July 2, 1862: Lincoln signs the Morrill Act

Justin S. Morrill
Justin S. Morrill

On July 2, 1862, President Lincoln signed into law the Morrill land grant act. It had been introduced by Vermont congressman James Morrill, and was supported by Congressional delegations from the Northeast and Midwest. It passed originally in 1859, but President Buchanan vetoed it (because he viewed it as an intrusion of federal power into education, the province of the states). With the southern states’ delegations absent, it passed easily in 1862, and found a much more favorable executive in Lincoln. The law gave 30,000 acres of federal land per Congressman to each state, to be sold to establish a fund to support colleges that would teach agriculture, mechanics, and military science. The first institution funded under the law was Iowa State University (then known as Ames College). The Democratic and Republican parties have traded governing philosophies since, of course.

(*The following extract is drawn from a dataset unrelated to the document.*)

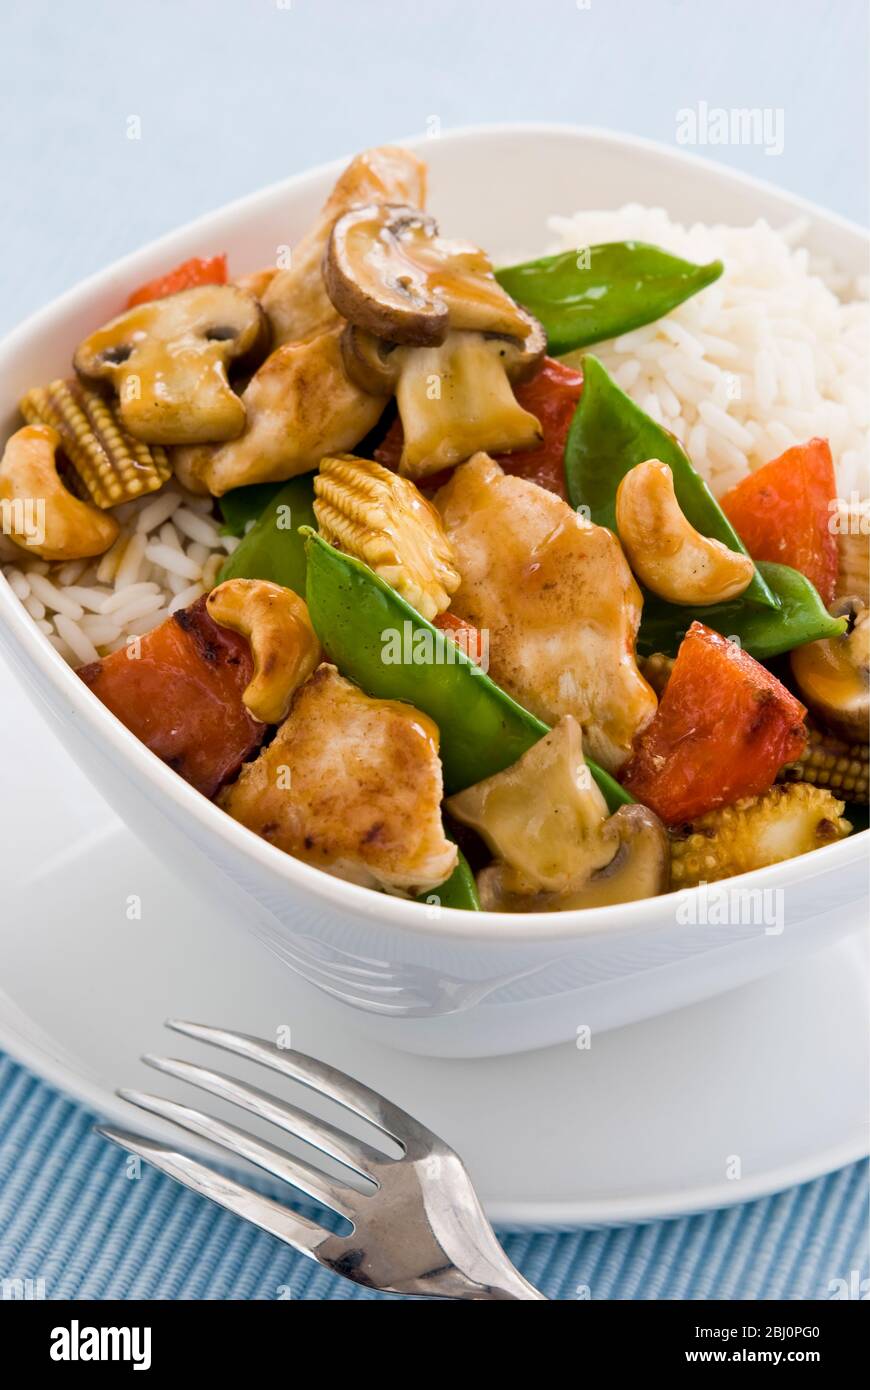 Leichtes, gesundes Gericht mit gebratenen Hähnchenstücken mit Gemüse und Cashewnüssen in chinesischer Sauce auf Reis, serviert in einer einfachen weißen Schüssel. Sh Stockfoto

Excerpts from the Morrill Act provisions:


7 USC §301: There is granted to the several States, for the purposes hereinafter mentioned in this subchapter, an amount of public land, to be apportioned to each State a quantity equal to thirty thousand acres for each Senator and Representative in Congress to which the States are respectively entitled by the apportionment under the census of 1860: Provided, That no mineral lands shall be selected or purchased under the provisions of said sections.

….
7 USC § 304: All moneys derived from the sale of lands as provided in section 302 of this title by the States to which lands are apportioned and from the sales of land scrip provided for in said section shall be invested … and that the principal thereof shall forever remain unimpaired: Provided, That the moneys so invested or loaned shall constitute a perpetual fund … the interest of which shall be inviolably appropriated, by each State which may take and claim the benefit of this subchapter, to the endowment, support, and maintenance of at least one college where the leading object shall be, without excluding other scientific and classical studies and including military tactics, to teach such branches of learning as are related to agriculture and the mechanic arts, in such manner as the legislatures of the States may respectively prescribe, in order to promote the liberal and practical education of the industrial classes in the several pursuits and professions in life.